I found winters exciting watching the rivers freeze and crack, and then trying my hand at sledding or attempting to ice-skate with no success. But driveways had to be shovelled, snow dripped down boots, freezing temperatures burned my face, fingers and toes, and sometimes I just wanted to curl up and hibernate. England would have shut-down with a dusting of the white stuff, but here in Canada life goes on.
Spring soon arrived after winter, with meadows bursting into a rainbow of colours and wildlife waking up from hibernation. Summer then hummed to life with tourism and the sun bathed the city in gold each evening. Autumn followed with its fiery reds, burnt oranges, and golden-yellows as the deciduous trees turned. And I enjoyed experiencing every season, the way it was meant, in Canada.
Looking back, the first year living abroad was a major learning curve. There were times I found myself crying with frustration, overwhelmed, and wanting to take the quickest airplane back ‘home.’ Then there were the highs where I was captivated by the raw and natural beauty of the landscape, wildlife or even the unexpected kindness of a stranger.

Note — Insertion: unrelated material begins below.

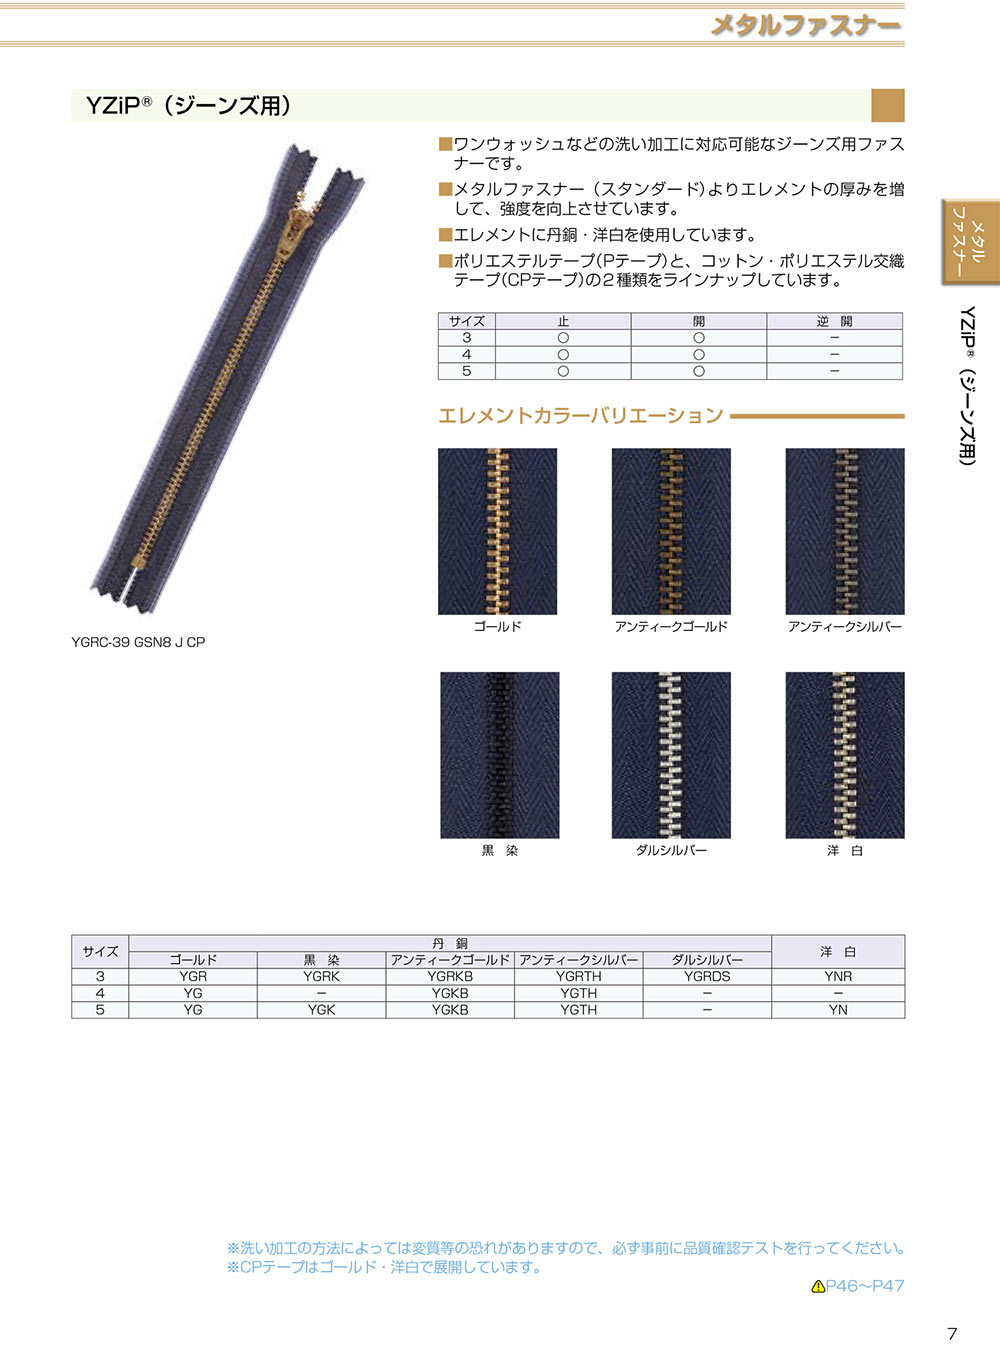 3YGRDSC YKK YZIPワイジップ(ジーンズ用)3サイズ ダルシルバー クローズ[ファスナー] YKK/オークラ商事 - ApparelX アパレル資材卸通販

Fast-forward seven years and while a lot of things have changed since those first few weeks, some things have remained the same. I have kept my strong British accent, according to Canadians, although family and friends in England would disagree. I have not used ordinary table salt to melt the ice on the sidewalks or driveway since that one occasion, but in self-defence I heard it does work. I met and married a Canadian man called Terry, and we moved shortly after from Thunder Bay to Prince Edward Island – where milk can be found in containers, like England. We have our own piece of paradise on PEI, the smallest province in Canada, and cater to a lazy pug and Siberian husky with blue eyes. I still sometimes stumble and sweat over the little things, send family members pictures of the Canadian winters and get concerned phone calls back asking if I’m still alive, but I’ve learned to embrace Canada – just as this country has embraced me.